The uncertainty ΔM in the actual optical magnification M of the overlay metrology tool can cause an error Δ _Mag with respect to the nominal x distance D _nominal,x between the centers of symmetry 130 and 132 of the half targets 102 ( FIG. 2B ). This error can be calculated as Δ _Mag = (ΔM/M) × D _nominal,x . This error is directly reflected in the OVL _x, which is calculated as the difference between Δ _X and D _nominal,x . For example, with a nominal value D _nominal,x = 5 μm and a relative error in magnification ΔM/M of 10 ⁻³ , the error Δ _Mag = 5 nm.

Similar errors due to uncertainty in the actual optical magnification M can occur when using two-dimensional half targets such as half target 200 (FIG. 3A). However, for half targets such as half target 100 (FIG. 2A), the nominal separation between centers of symmetry 112 and 114 in the direction of overlay error measurement is zero, and the uncertainty in the optical magnification does not introduce significant errors.
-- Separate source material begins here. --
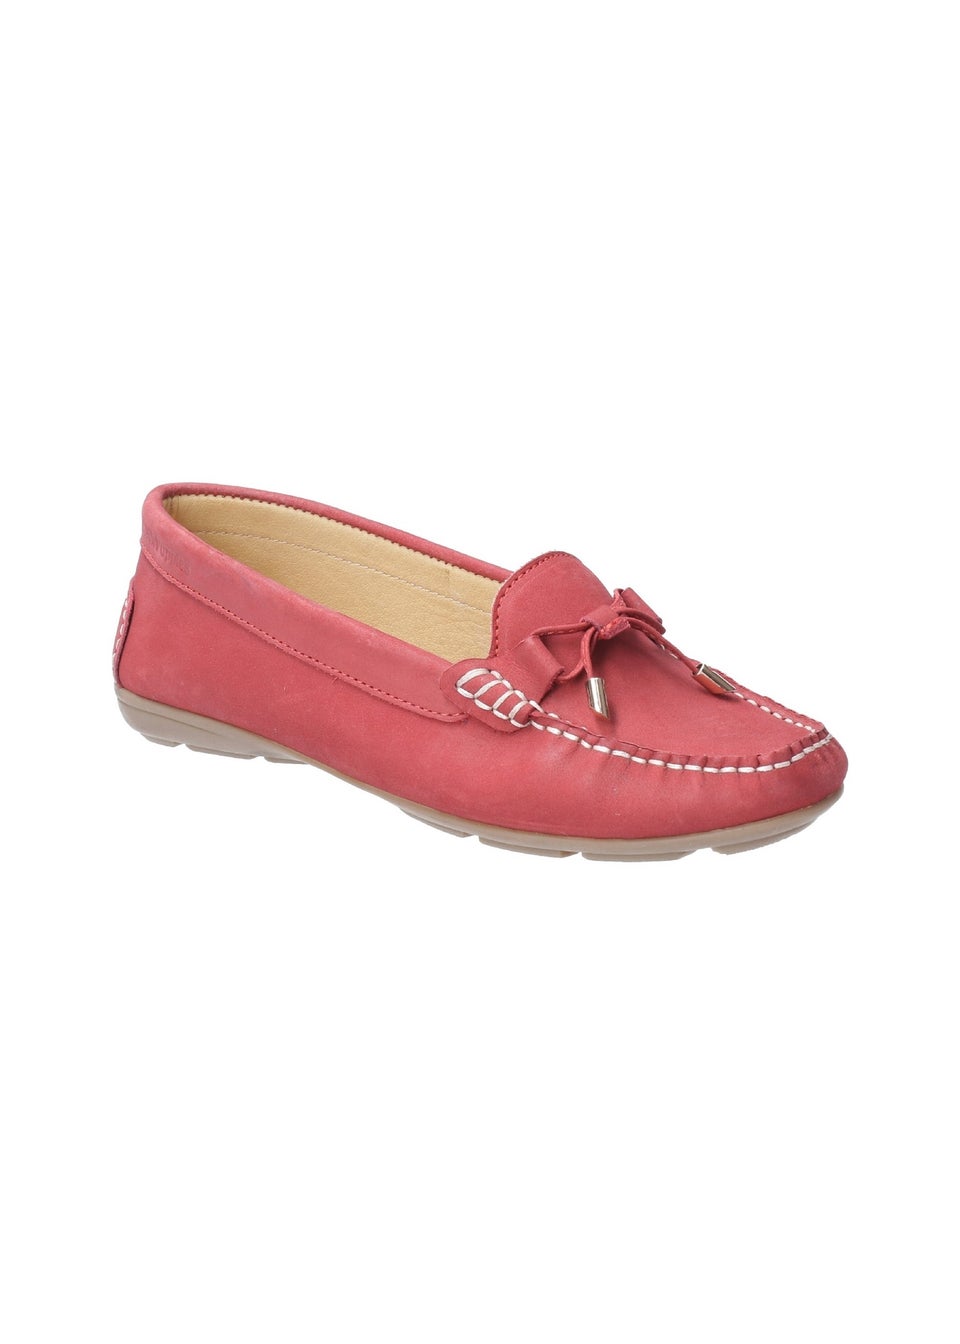 Hush Puppies Red Maggie Toggle Shoe
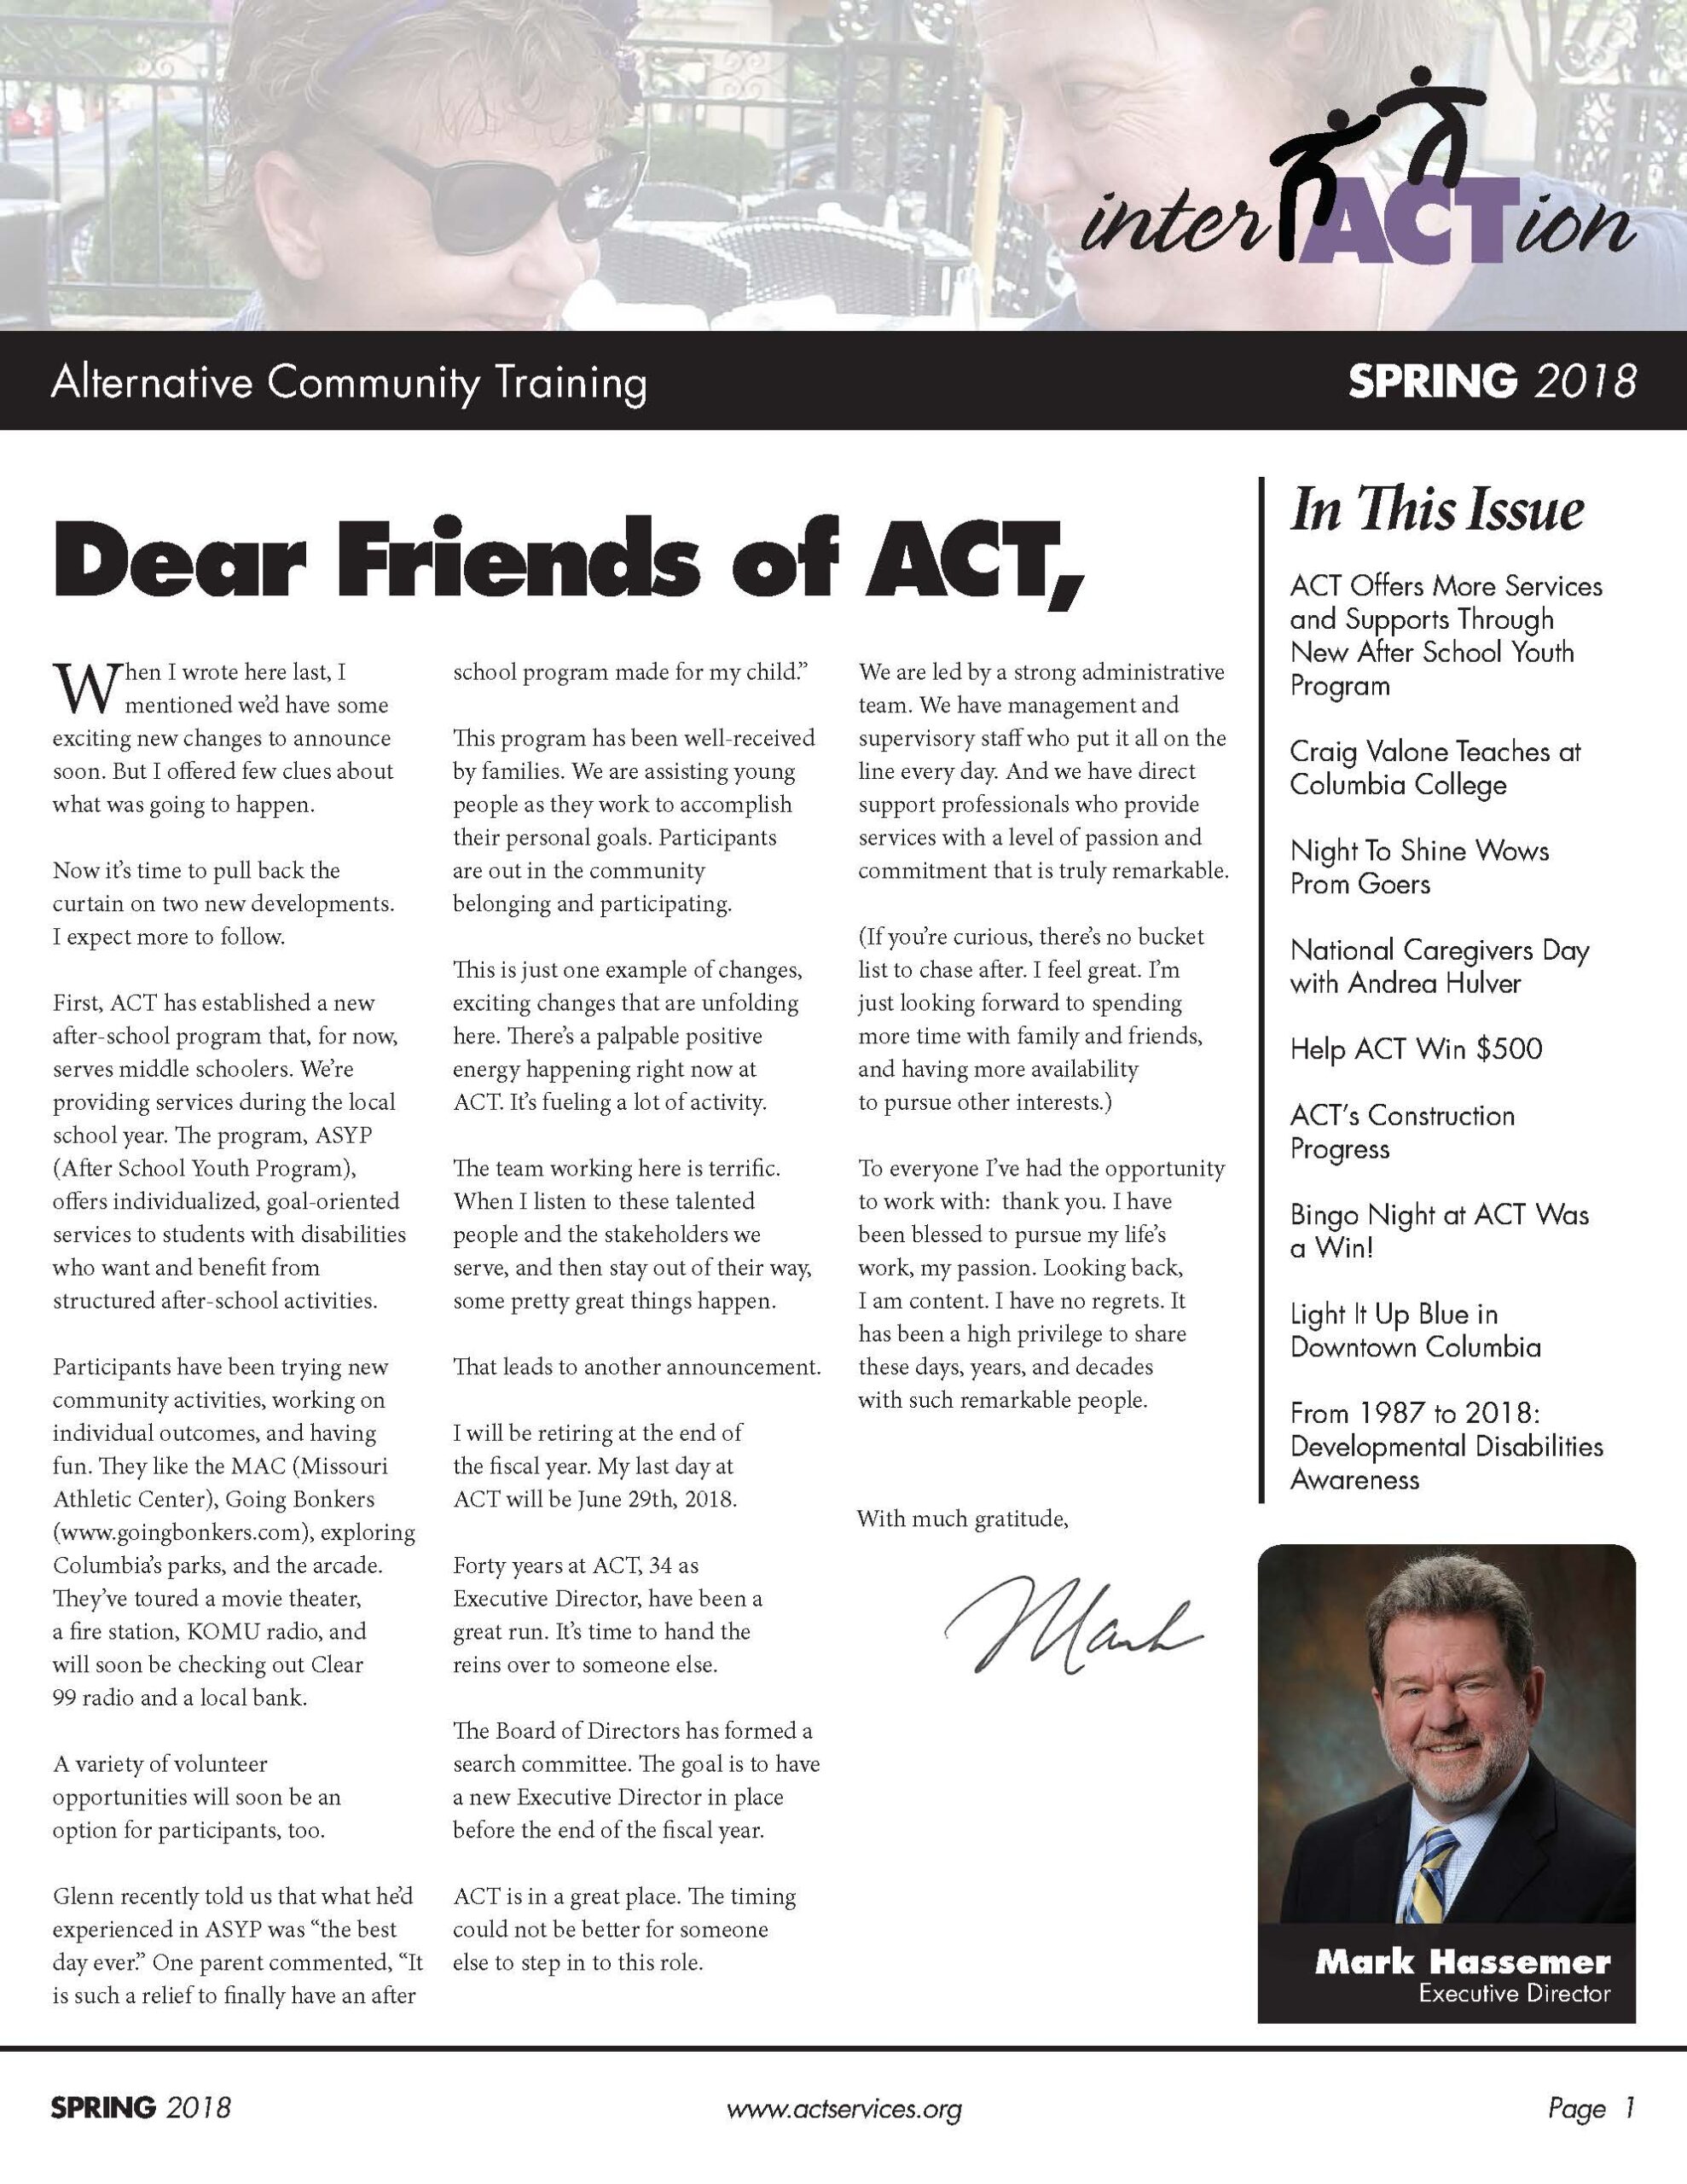 Image of the first page of the Spring 2018 ACT Newsletter

FULL TARGET Figures 5A and 5B are schematic diagrams showing full targets 300, 302 formed from half targets 100 (Figure 2A), 200 (Figure 3A), respectively, in accordance with embodiments of the present invention. In the embodiment described herein, the full target is formed by combining the half target with a copy of it rotated 180° about the normal to the semiconductor substrate 12 (Figure 1). Thus, the full target is symmetric about the 180° rotation about the normal to the semiconductor substrate 12. Alternatively, other designs for the full target can be used, as explained above.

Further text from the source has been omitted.